[2601.01322] LinMU: Multimodal Understanding Made Linear
About this article
Abstract page for arXiv paper 2601.01322: LinMU: Multimodal Understanding Made Linear
Computer Science > Computer Vision and Pattern Recognition arXiv:2601.01322 (cs) [Submitted on 4 Jan 2026 (v1), last revised 3 May 2026 (this version, v2)] Title:LinMU: Multimodal Understanding Made Linear Authors:Hongjie Wang, Niraj K. Jha View a PDF of the paper titled LinMU: Multimodal Understanding Made Linear, by Hongjie Wang and 1 other authors View PDF HTML (experimental) Abstract:Modern Vision-Language Models (VLMs) achieve impressive performance but are limited by the quadratic complexity of self-attention, which prevents their deployment on edge devices and makes their understanding of high-resolution images and long-context videos prohibitively expensive.

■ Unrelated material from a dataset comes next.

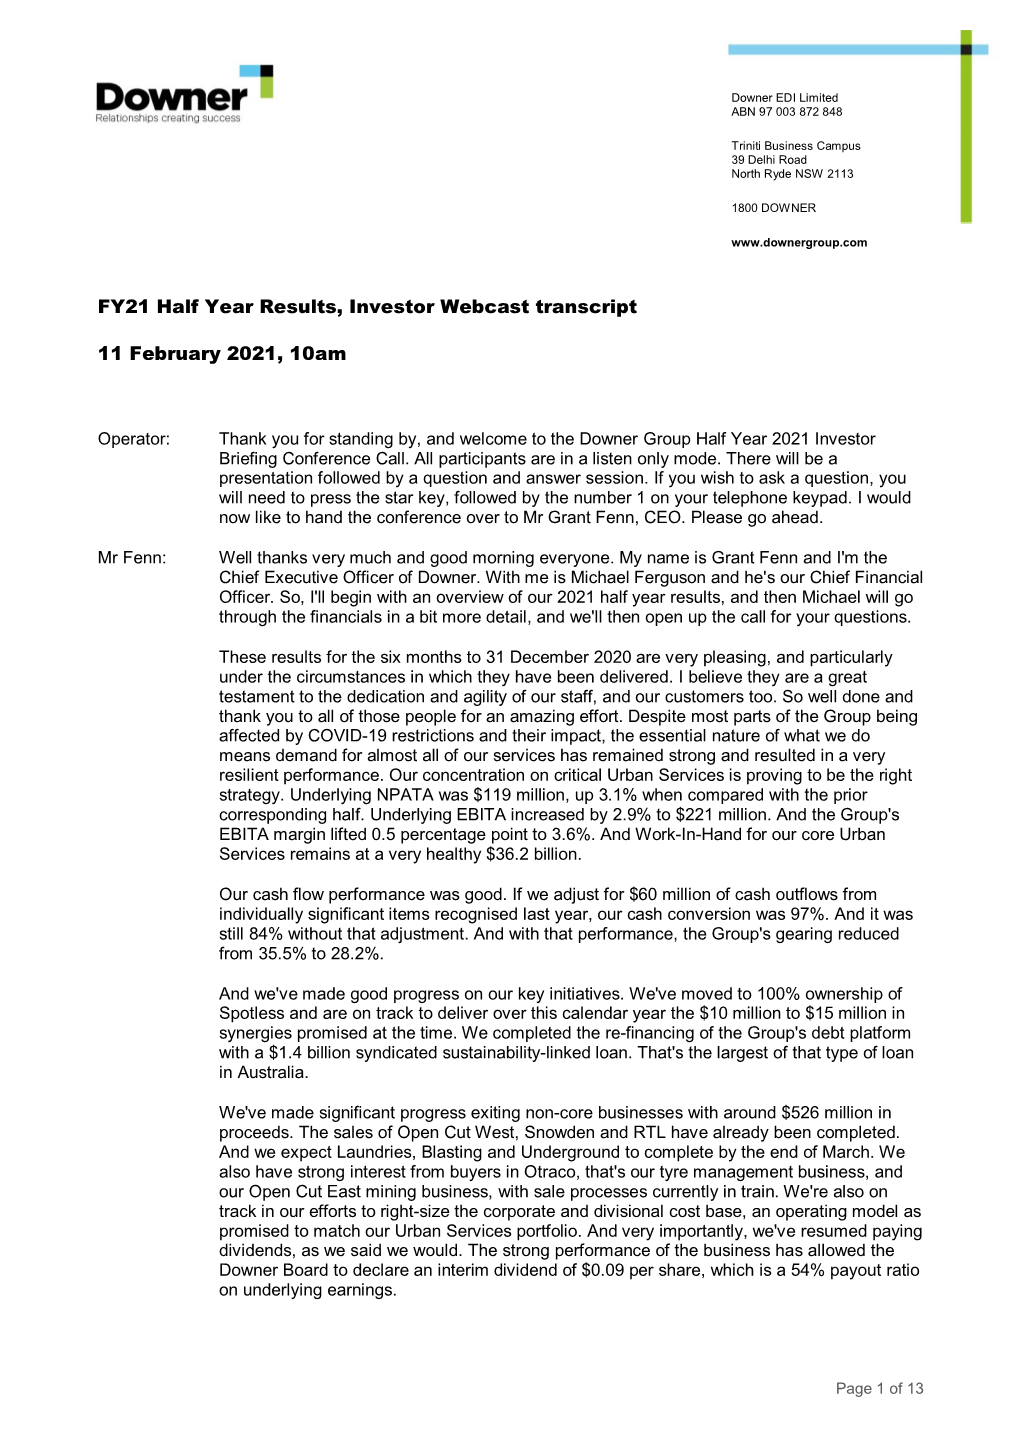 FY21 Half Year Results, Investor Webcast Transcript 11 February 2021, 10Am
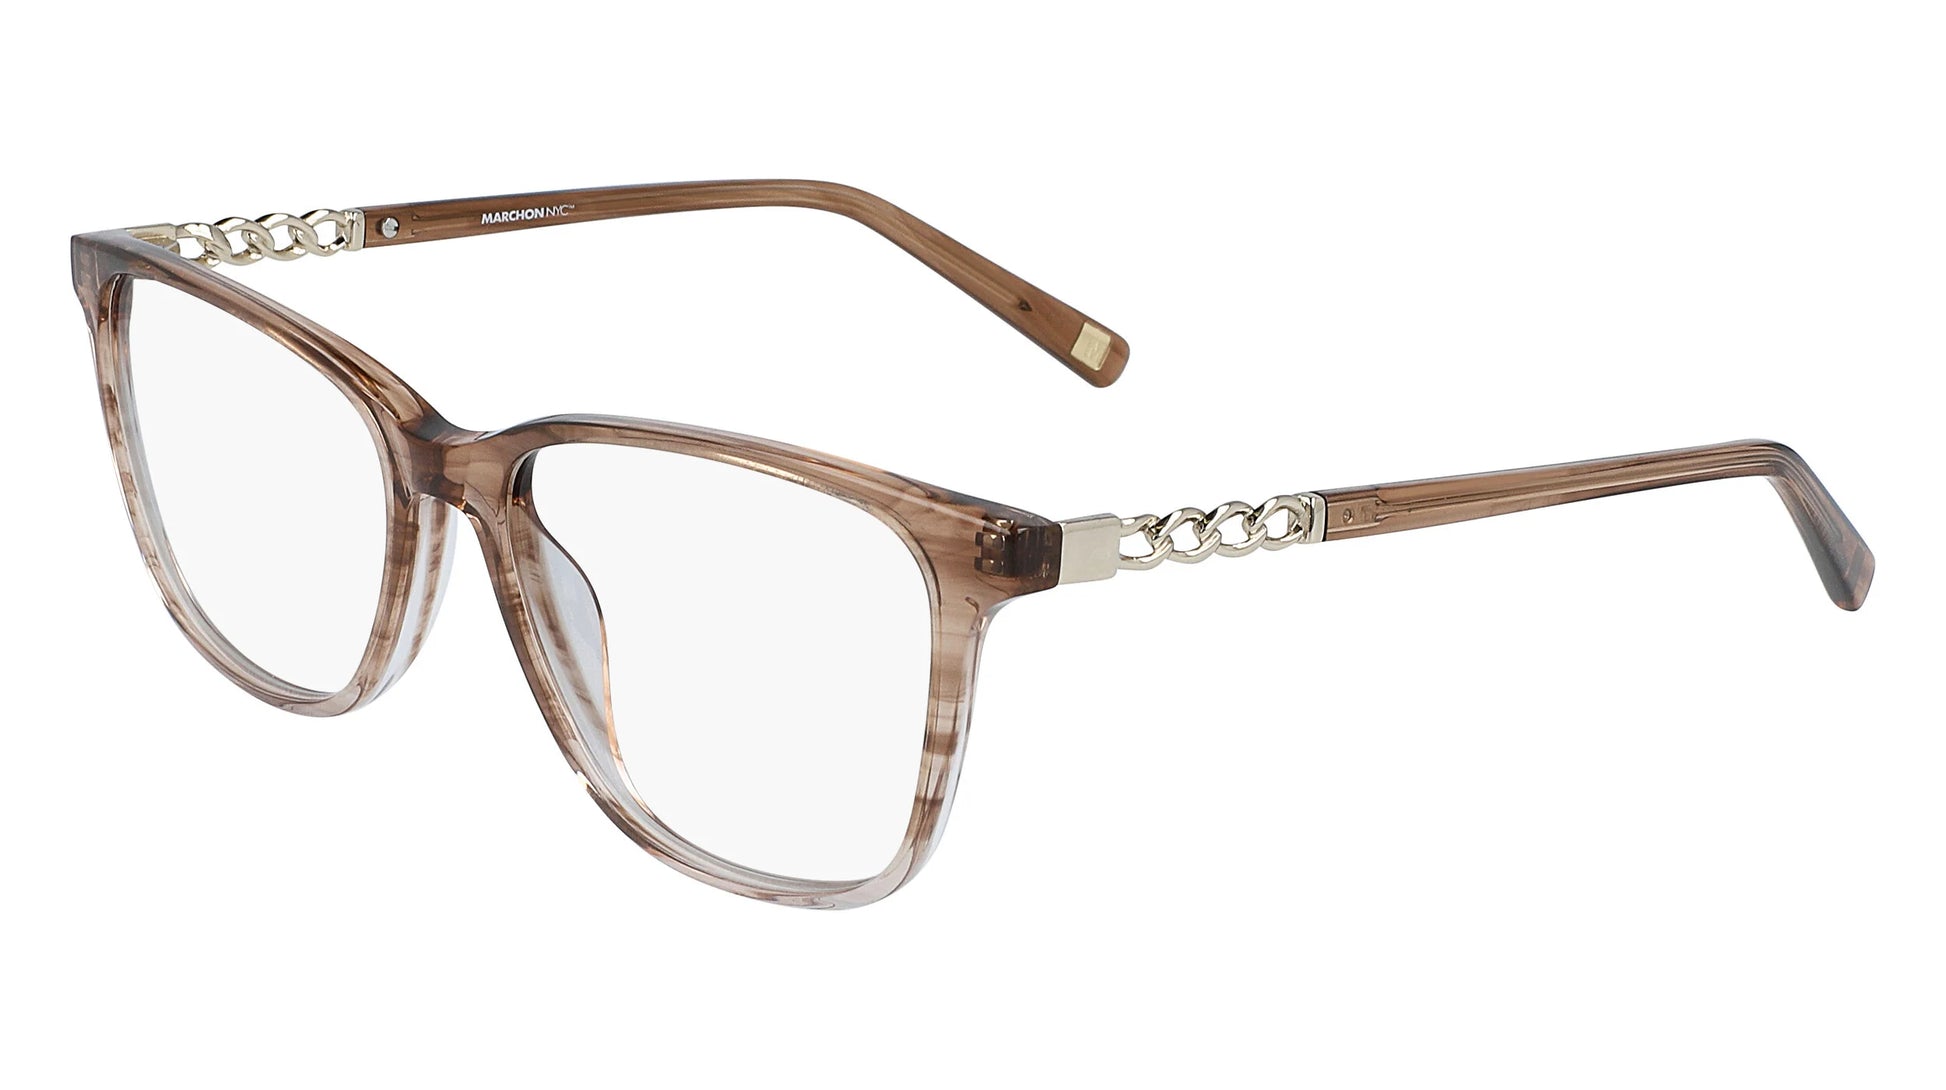 Marchon NYC M-5008 Eyeglasses Brown

To address this challenge, we introduce LinMU (Linear-complexity Multimodal Understanding), a VLM design that achieves linear complexity for the language model decoder without using any quadratic-complexity modules while maintaining the performance of global-attention-based VLMs. LinMU replaces every self-attention layer in the language model decoder with an M-MATE block: a dual-branch module that combines a bidirectional state-space model for global context (Flex-MA branch) with localized Swin-style window attention (Local-Swin branch) for adjacent correlations. To transform a pre-trained VLM into the LinMU architecture, we propose a three-stage distillation framework that (i) initializes both branches with self-attention weights and trains the Flex-MA branch alone, (ii) unfreezes the Local-Swin branch and fin...